Verify using an example that a(b+c) is not equal to ab+ac. (This means that addition does not distribute over the dot product.)
My solution: is this correct?
a(b+c)= ab+ac is ALWAYS true for whatever numbers you substitute
let a = 16
b = 3
and c = 5
so LHE = a/(a + b) = 16 / (3 + 5) = 16/8 = 2
and RHE = (a/b) + (a/c) = (16/3) + (16/5) ≠ 2
so a/(a + b) ≠ (a/b) + (a/c)
LHE = a + (bc) = 16 + 3 x 5 = 16 + 15 = 31
RHE = (a + b)(a + c) = (16 + 3)(16 + 5) = 19 x 21 ≠ 31
so a + (bc) ≠ (a + b)(a + c)
http://www.cliffsnotes.com/math/algebra/linear-algebra/matrix-algebra/operations-with-matrices
Your solution is not quite correct. Let me explain why.

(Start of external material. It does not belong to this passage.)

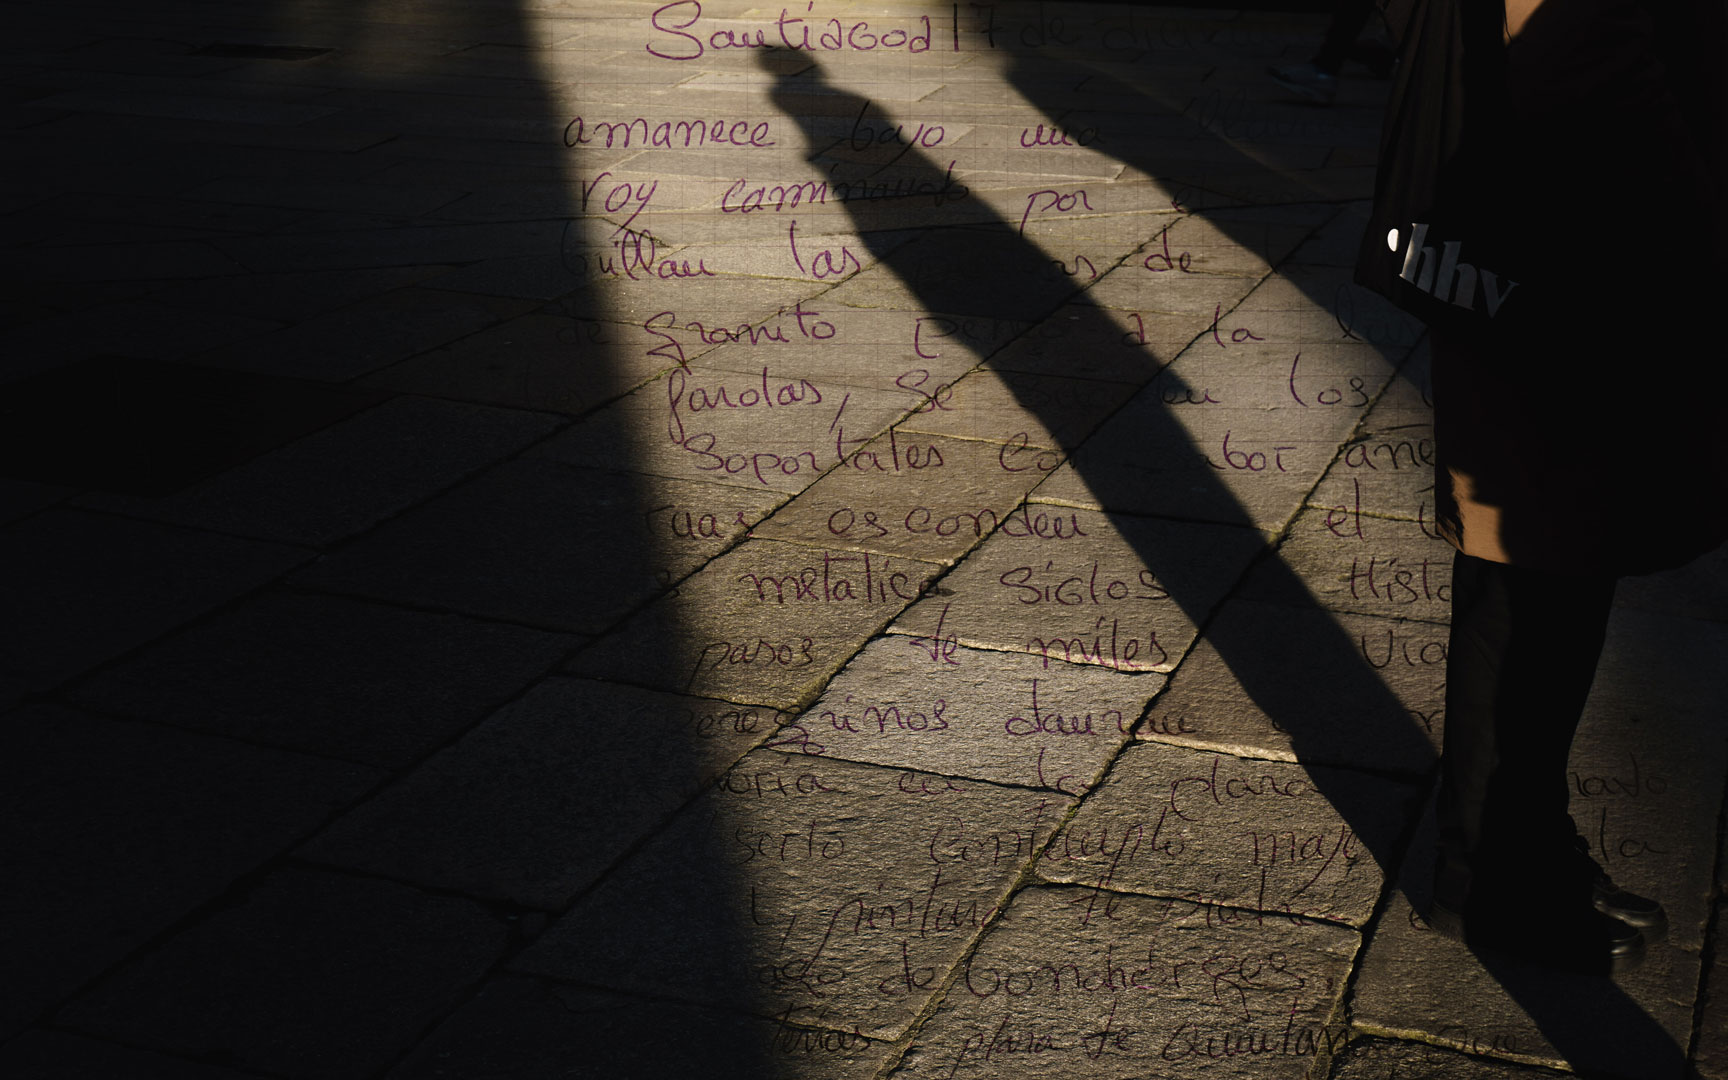 Composición fotográfica de una carta escrita a mano sobre el plano con sombra de persona.
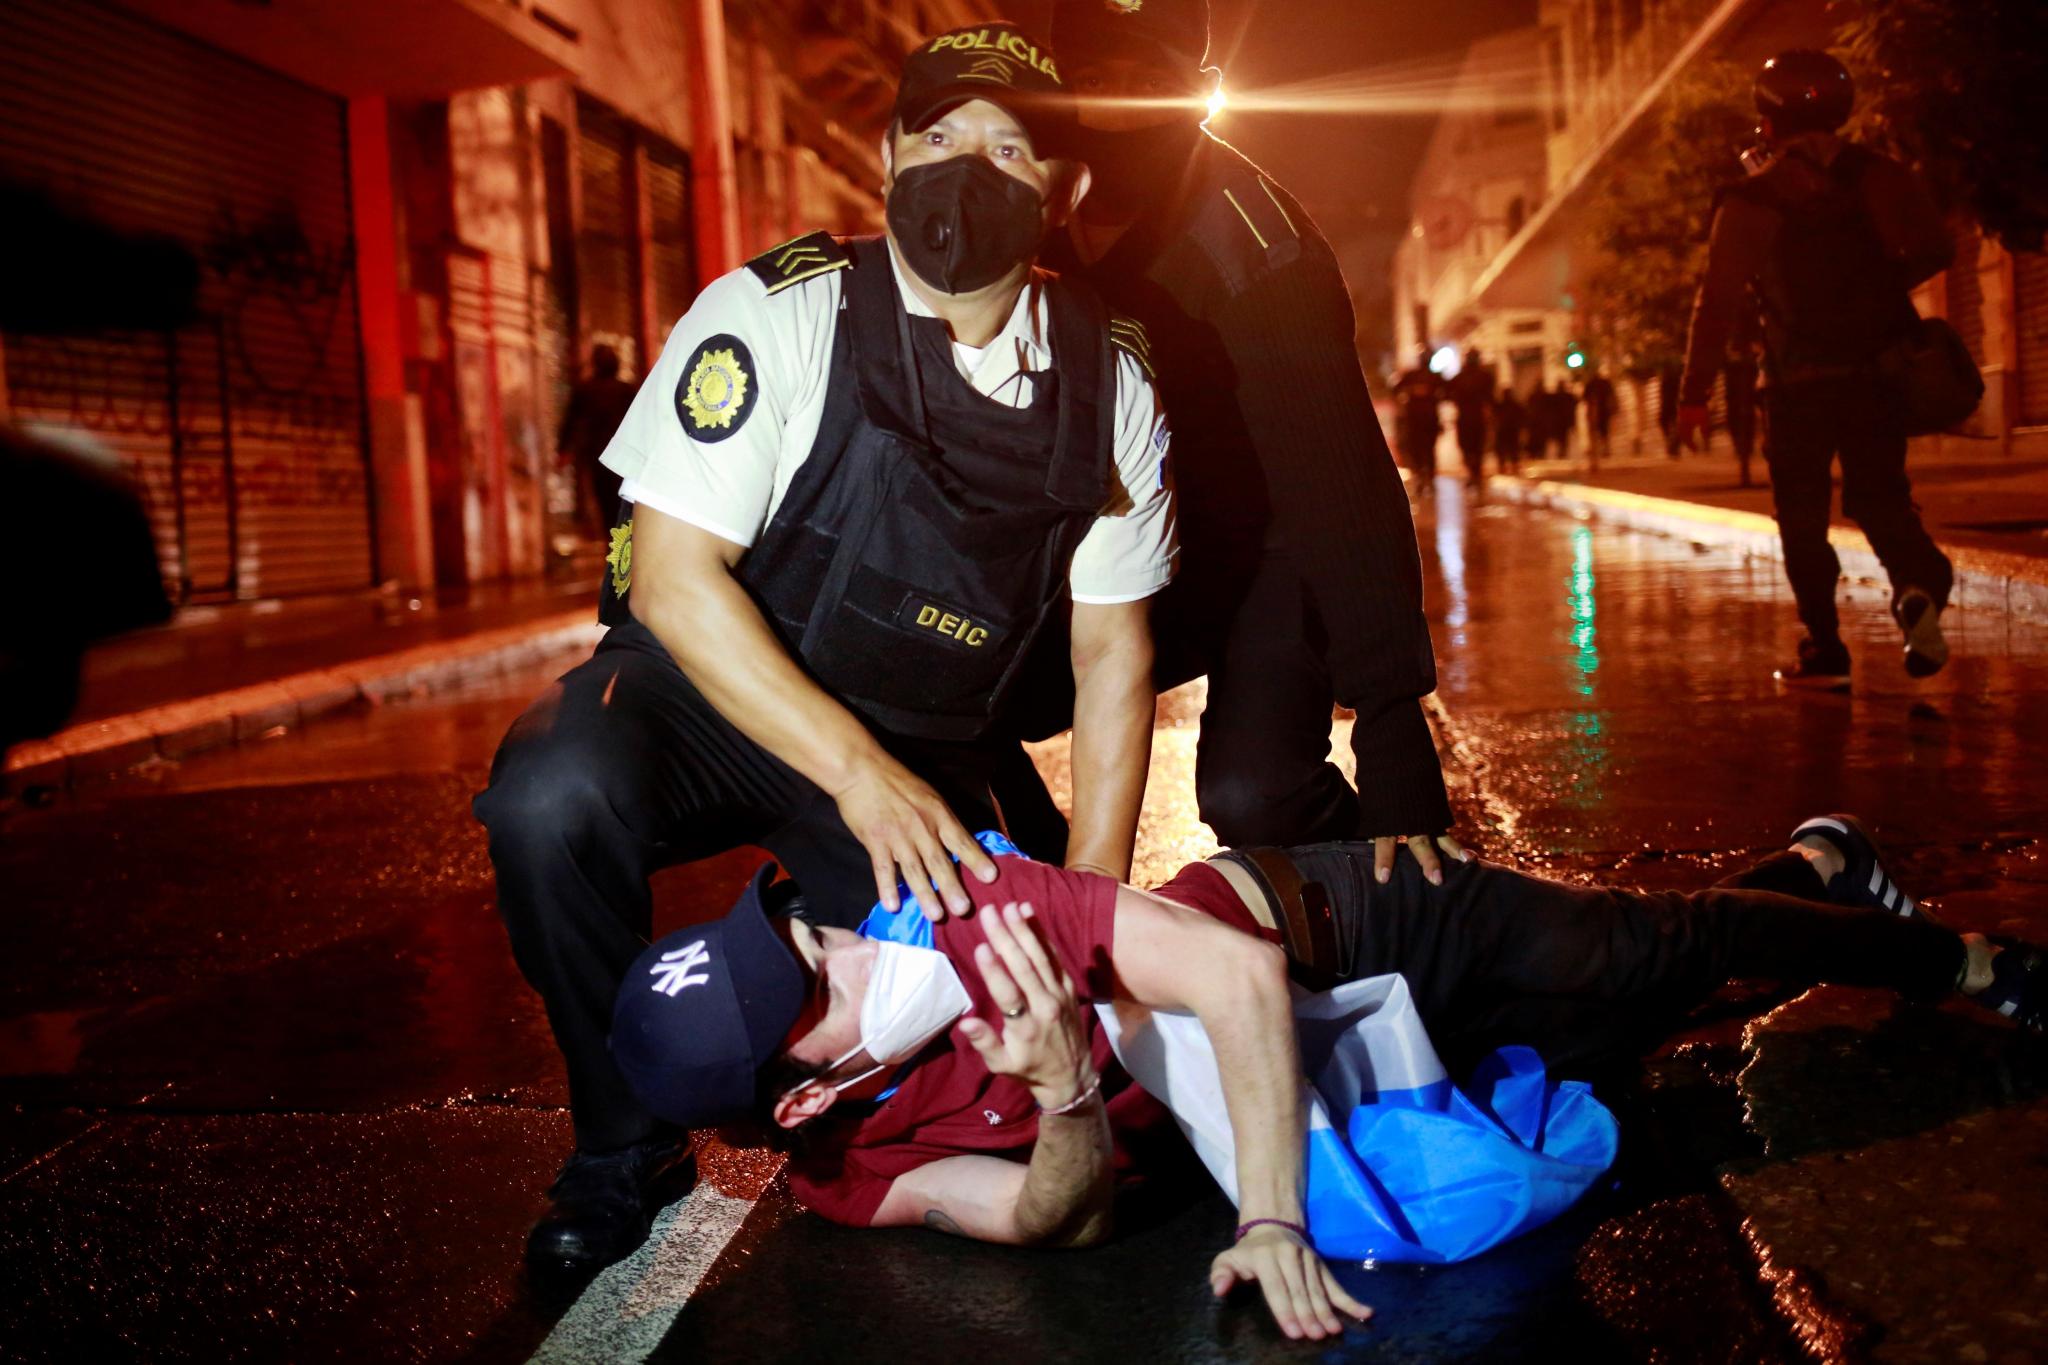 La policía captura a un manifestante el 21 de noviembre del 2020. (Foto Prensa Libre: EFE)

To verify that a(b+c) is not equal to ab+ac, we need to show a counterexample, which means finding specific values for a, b, and c that make the statement false.
Let's take a = 2, b = 3, and c = 4.
Using these values, we have:
LHS = a(b+c) = 2(3+4) = 2(7) = 14.
RHS = ab + ac = (2*3) + (2*4) = 6 + 8 = 14.
In this case, the LHS is equal to the RHS, which means that a(b+c) is equal to ab+ac.
To show that a(b+c) is not always equal to ab+ac, we need to find another example where they are not equal.
Let's take a = 3, b = 2, and c = 5.
Using these values, we have:
LHS = a(b+c) = 3(2+5) = 3(7) = 21.
RHS = ab + ac = (3*2) + (3*5) = 6 + 15 = 21.
In this case, the LHS is equal to the RHS again, which means that a(b+c) is equal to ab+ac.
Based on these counterexamples, it appears that a(b+c) is indeed equal to ab+ac in all cases, indicating that addition does distribute over the dot product.